D’ailleurs, à ce propos, Inès existait vraiment et était réellement la nouvelle directrice, mais son tempérament était bien moins tyrannique qu’Estelle n’avait bien voulu le présenter. C’était une femme aimable et très douce, mariée, deux enfants, très compétente mais qui affirmait difficilement son autorité. Elle représentait aussi le plus bel espoir de promotion rapide pour Estelle. Cette dernière savait parfaitement qu’elle serait capable de séduire Inès d’une manière ou d’une autre, même si cela signifiait faire sauter de sérieux tabous chez cette femme bourgeoise et certainement un peu coincée. Une fois la directrice dans son lit, les arcanes de la direction générale n’auraient pour elle plus de secrets et elle saurait en profiter au maximum.
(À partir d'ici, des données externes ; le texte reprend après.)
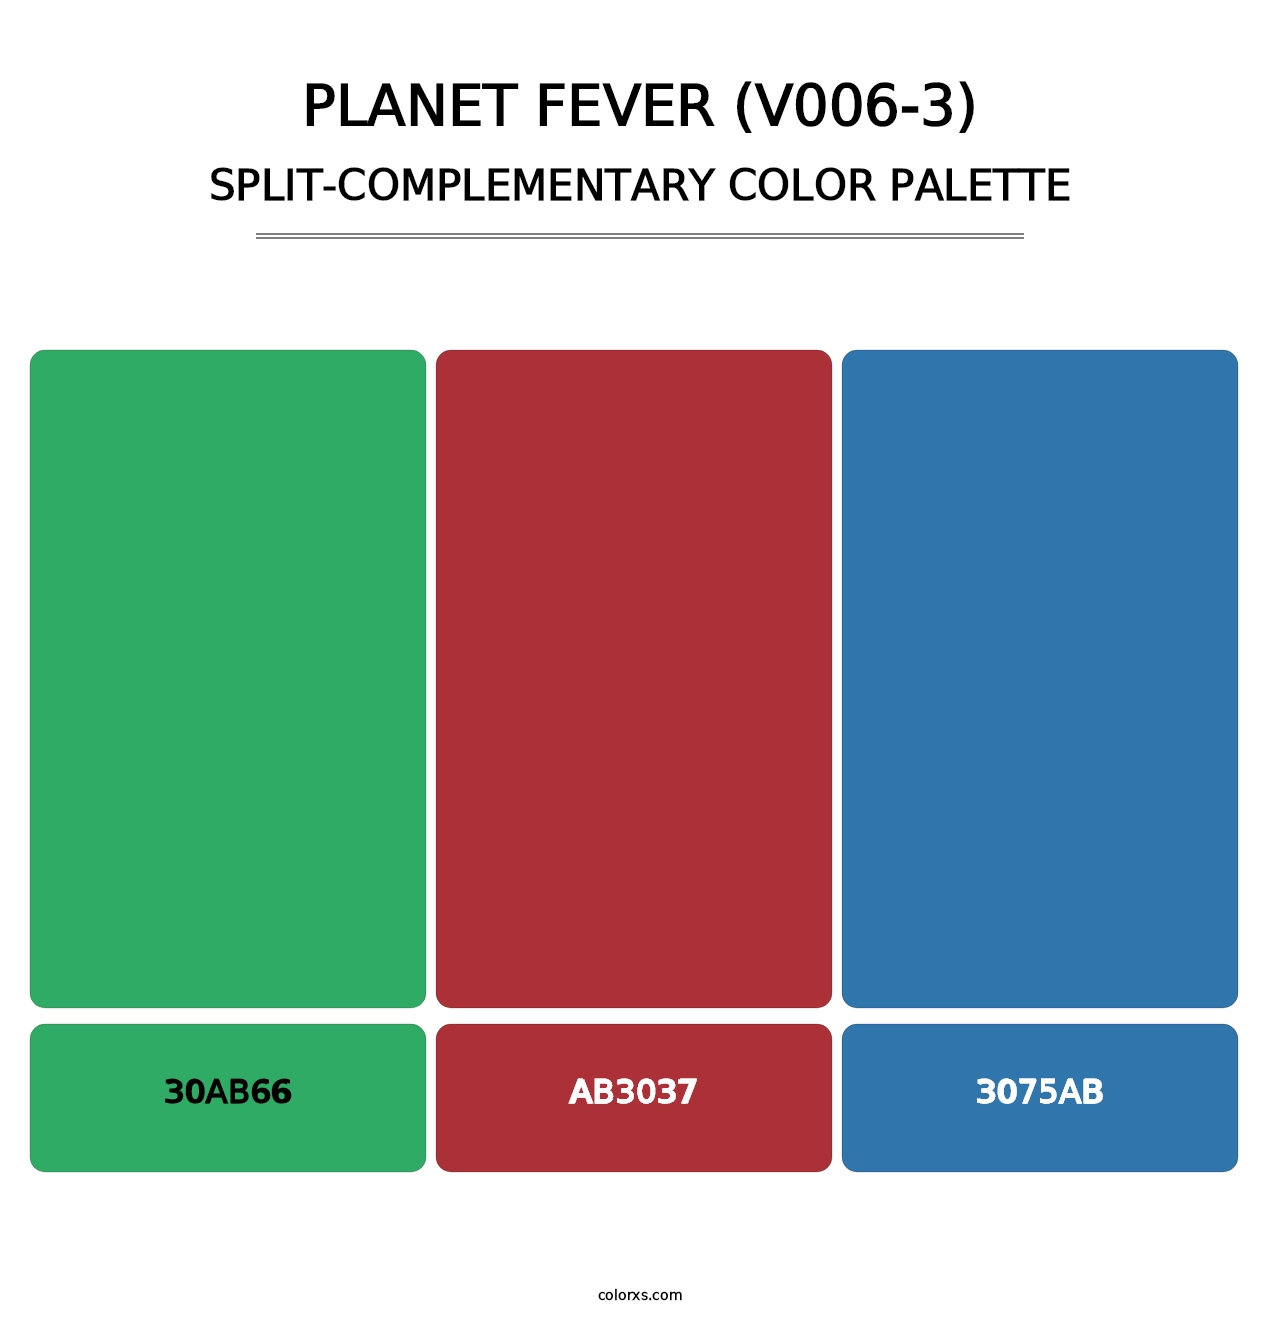 Planet Fever (V006-3) - Split-Complementary Color Palette

En remontant dans sa voiture, elle détacha ses cheveux et ôta la petite chaîne en or que lui avait offerte sa marraine il y avait presque trente ans. En se regardant dans le rétro, elle se trouva mignonne, sans maquillage, mais pas question de sortir ce soir sans peintures de guerre. Elle arrangerait ça plus tard, se dit-elle. Il lui restait encore à passer se changer et à choisir le restaurant le plus cher de la ville. Elle pouffa en imaginant la tête de Marjorie quand elles écouteraient la bande toutes les deux. Elle pensa, amusée, qu’un décolleté plongeant, quelques rudiments de psychologie masculine et une bonne dose de culot étaient des armes redoutables entre les mains d’une jeune fille sans scrupules mais fraîche et avenante, à qui on donnerait le bon Dieu sans confession.